WHAT YOU ARE ASKED TO DO –
Word for word, copy the listing below and leave out its images.

DATA BELOW –
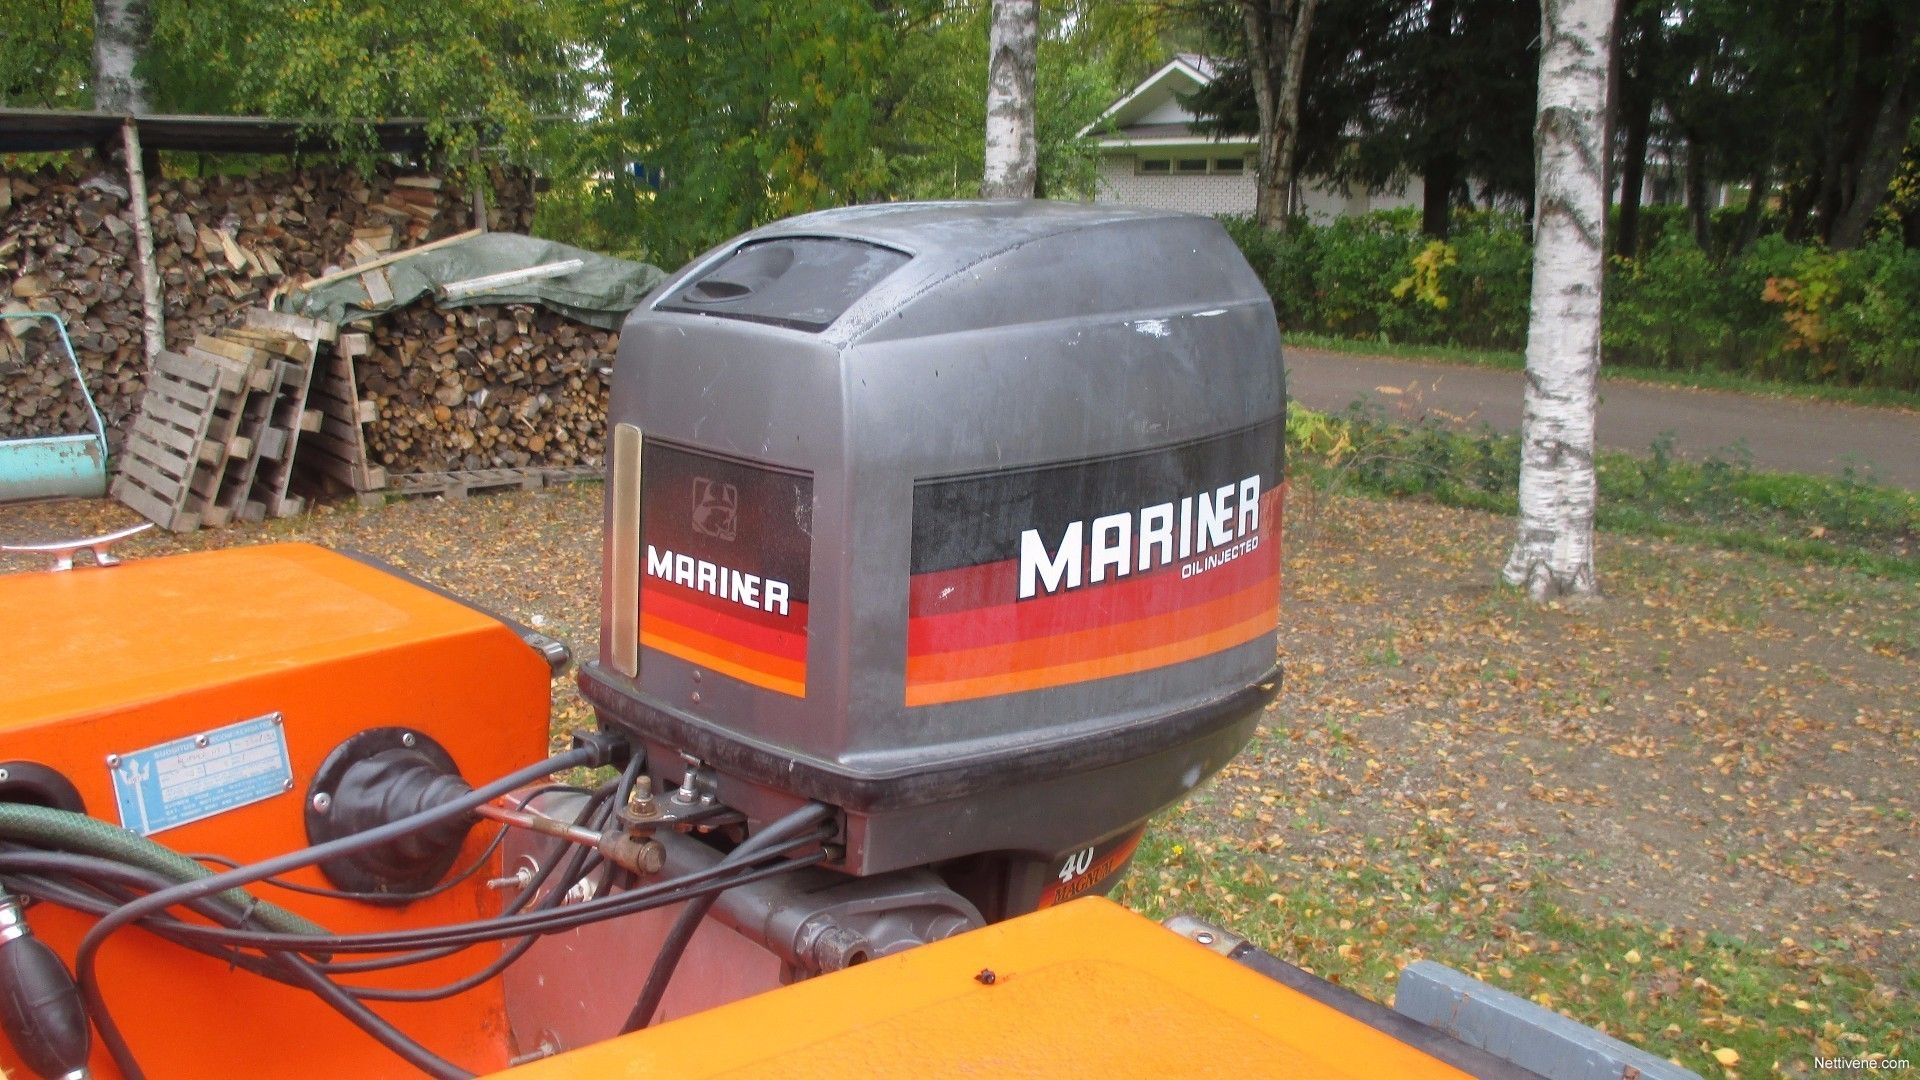 mariner magnum 40 hp service manual
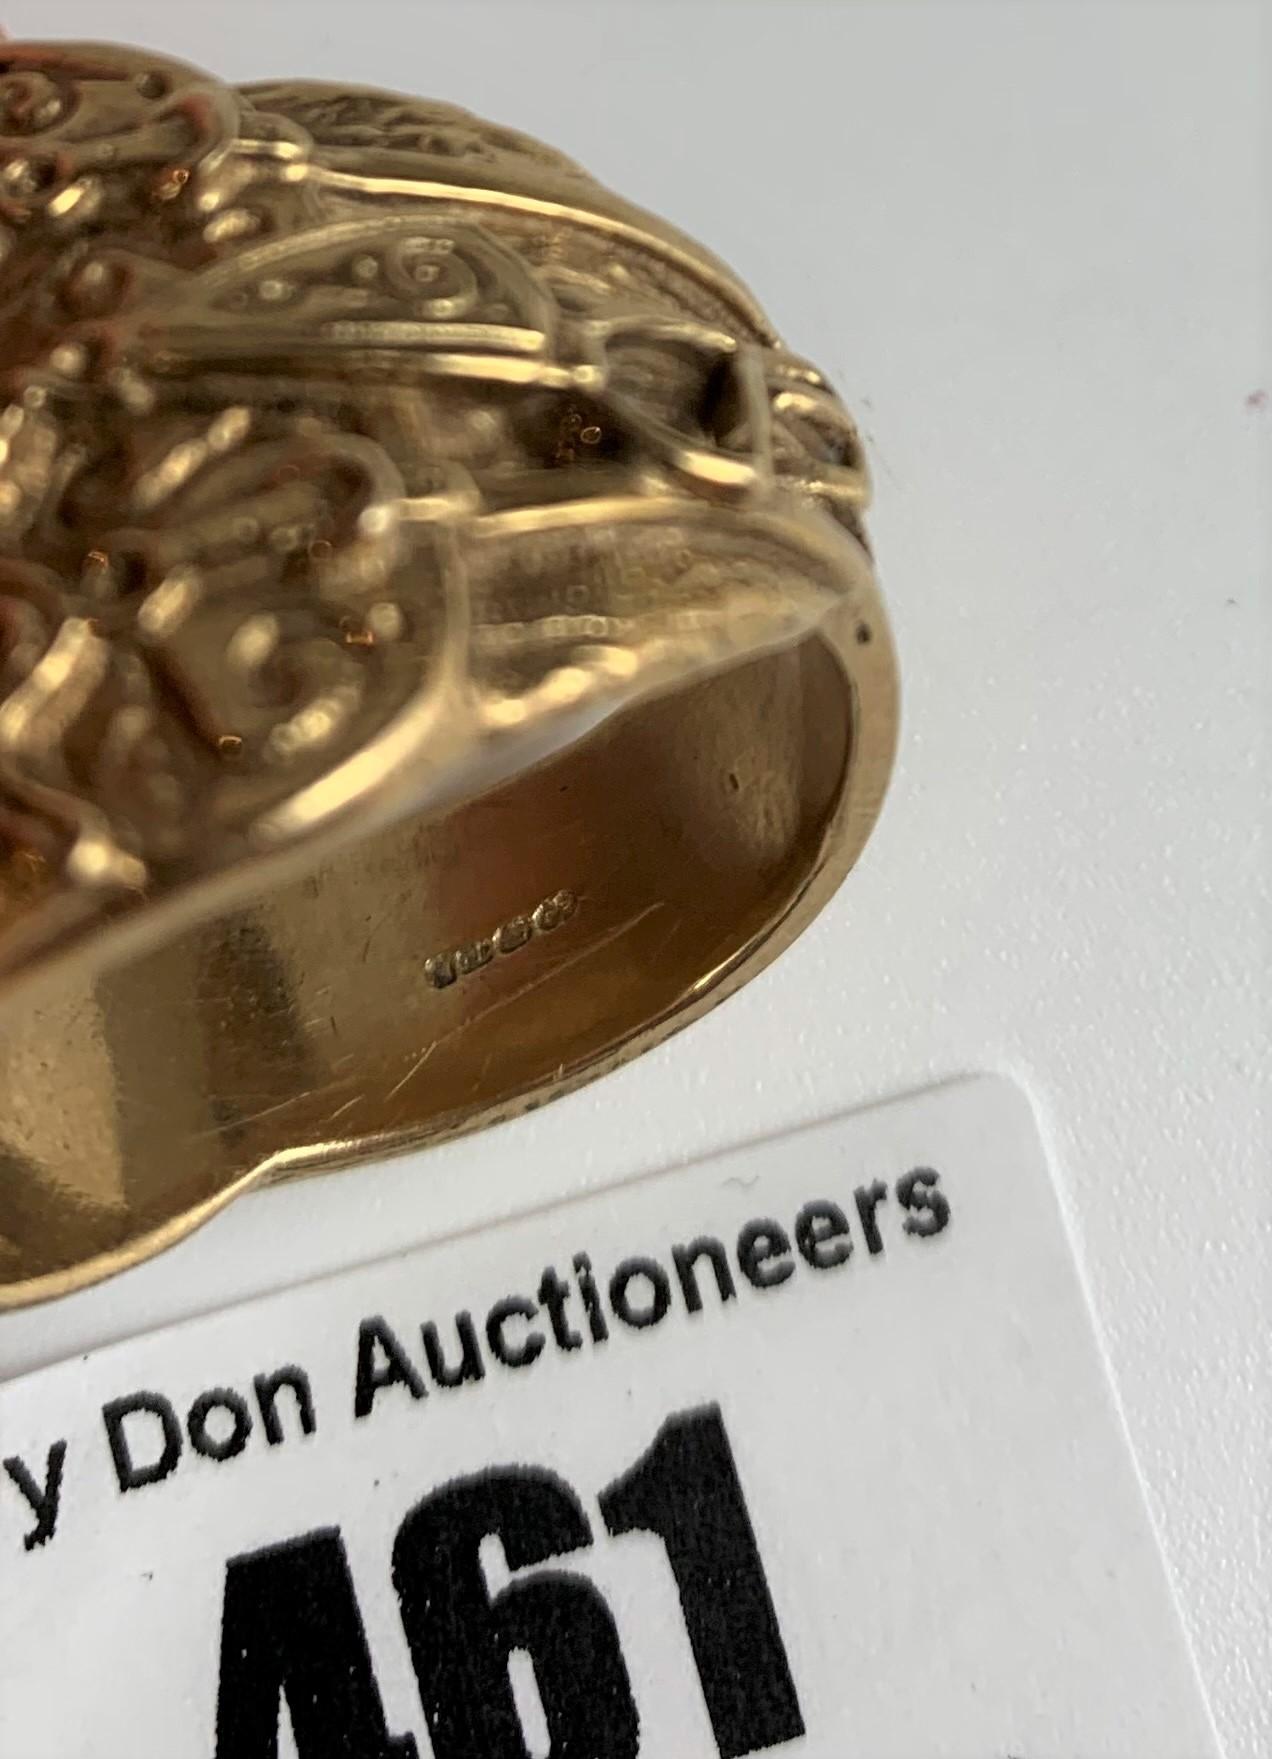 9k gold gents saddle ring, size Z+, w:26 gms - Image 6 of 6
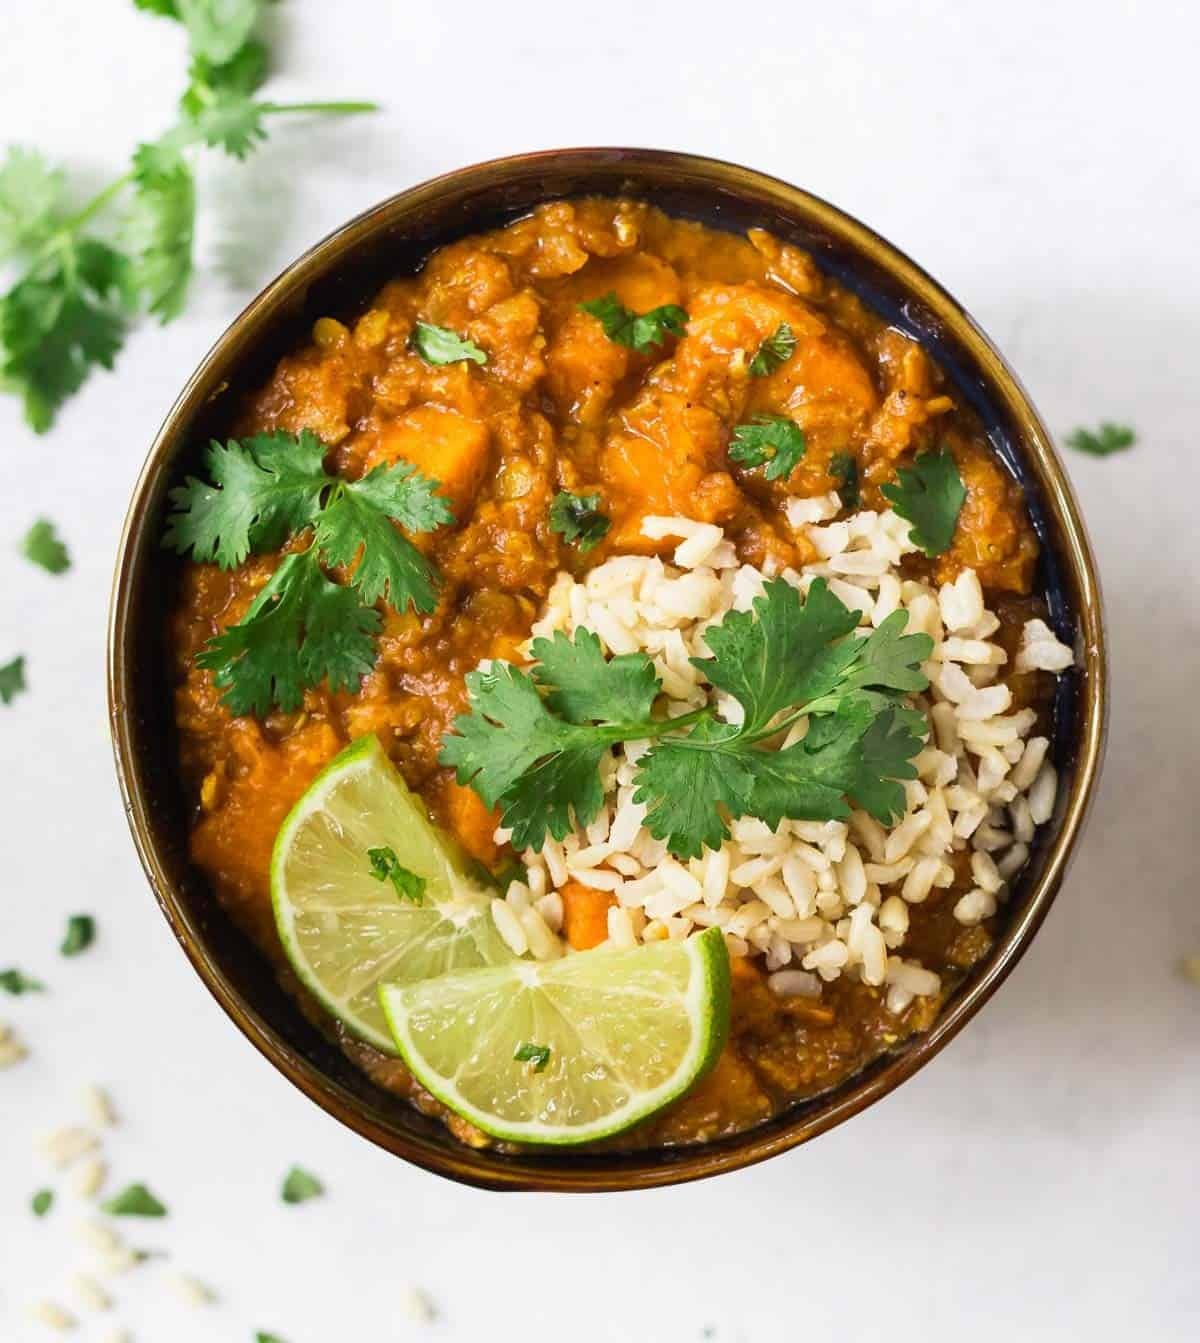 12 Vegetarian Slow Cooker Dinner Recipes

RESULT BELOW –
 mariner magnum 40 hp service manual
 9k gold gents saddle ring, size Z+, w:26 gms - Image 6 of 6
 12 Vegetarian Slow Cooker Dinner Recipes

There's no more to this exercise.